This part defines our recurrent neural network.

In [6]:
# This routine sets up the network and defines the cost function / optimizer that
# is used during training. It also defines what the network is actually predicting.
# The 'features' and 'labels' arguments are mandatory. The remaining arguments are optional and can be used
# to further control the behavior of this function.
def rnn_model(features, labels, mode, params, config):

    # Let's define a simple vanilla RNN "cell".
    rnn_cell = tf.nn.rnn_cell.BasicRNNCell(params['rnn_num_units'])

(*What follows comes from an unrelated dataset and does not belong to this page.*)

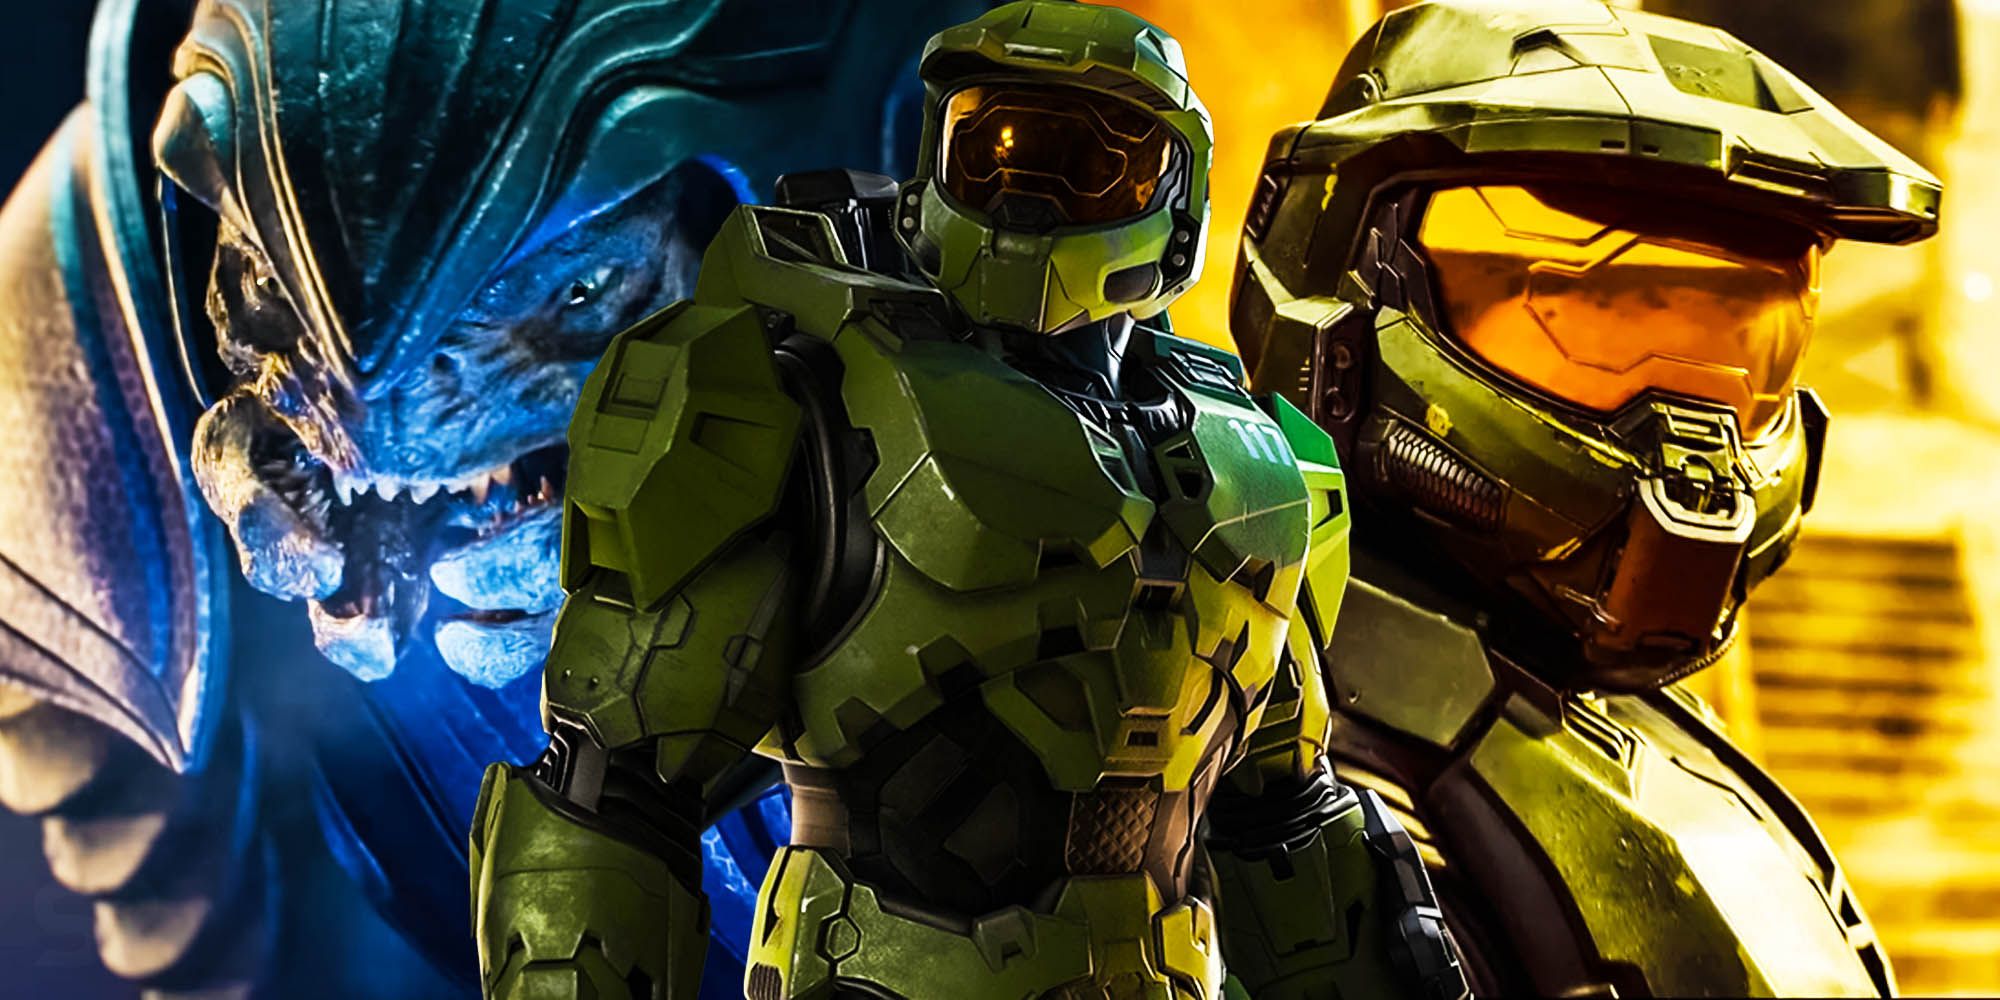 Halo' Review: Video Game Makes Decent, If Familiar TV Adaptation

    # Our input features are batches of entire sequences right now, ie.e matrices of shape [batch_size x sequence_length].
    # However, the network needs to be unrolled and look at each element in the sequence sequentially.
    # This is what happens here: from a tensor of shape [batch_size x sequence_length]
    # we generate a list of tensors [[batch_size], .... ]
    x_ = tf.unstack(features, params['timesteps'], axis=1)
    # Even though each element in our sequence is just a batch of scalars at this stage (i.e. shape [batch_size]),
    # Tensorflow wants us to still have the tensors of shape [batch_size x 1].
    x_ = [ tf.reshape(x, (-1,1)) for x in x_ ]
    # Let's actually create a RNN layer that is unrolled over the individual elements of the sequence.
    output, layers = tf.nn.static_rnn(rnn_cell, x_, dtype=tf.float32)

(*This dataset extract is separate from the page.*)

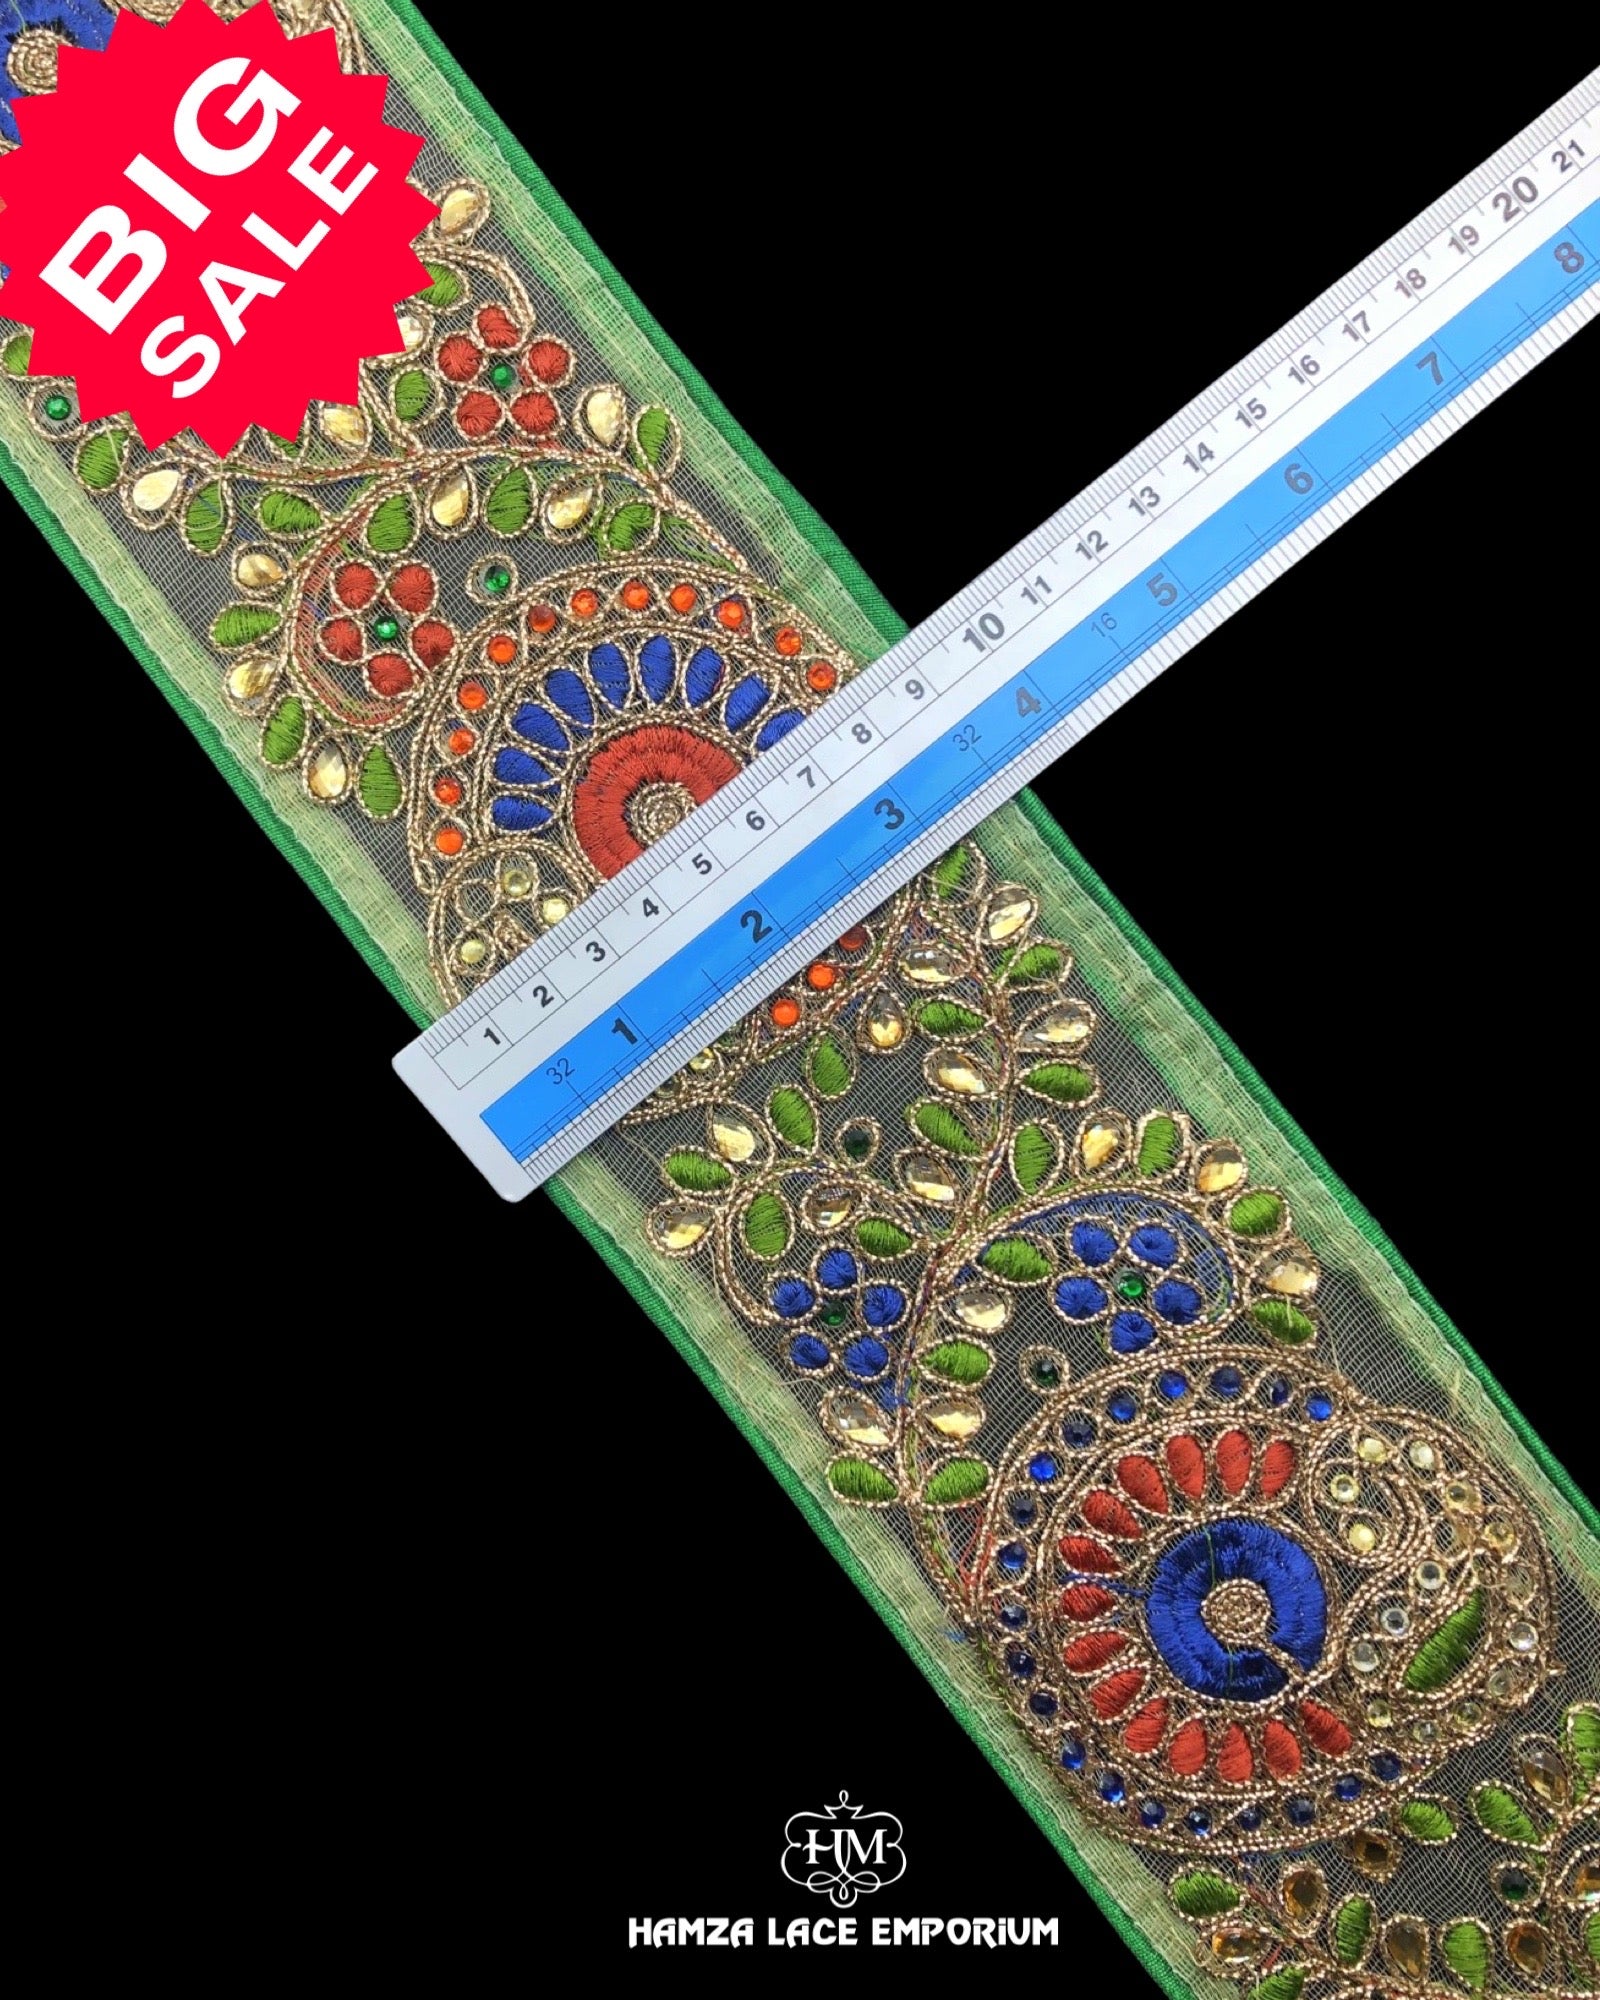 Size of the 'Multi Colored Stone Work Lace 6 Yard Piece' is shown as '3.5' inches with the help of a ruler

    # Let's also attach some final non-recurrent fully connected layers after the RNN  layer.
    output = slim.fully_connected(output[-1], num_outputs=10, activation_fn=tf.nn.relu)
    output = slim.fully_connected(output, num_outputs=10, activation_fn=tf.nn.relu)
    # This is the finaly regression layer (no non-linearity!)
    # It just contains one unit since we want to regress exactly one single scalar value.
    output = slim.fully_connected(output, num_outputs=1, activation_fn=None)
    # We need to remove the last axis which is of dimension 1 (due to the single unit in the last fully connected layer)
    # i.e. tensor of shape [batch_size, 1] is transformed to a tensor of shape
    # [batch_size]
    # This is our final network output (a batch of scalars)
    output = tf.squeeze(output)

    train_op = None
    loss = None

    if mode != tf.estimator.ModeKeys.PREDICT:
        # This is the loss / cost function we aim to minimize!
        # Since we want the network to learn to predict/regress the next element in the sequence,
        # the loss is the mean squared distance between the label and the prediction (i.e. the network output)
        loss = tf.losses.mean_squared_error(labels, output)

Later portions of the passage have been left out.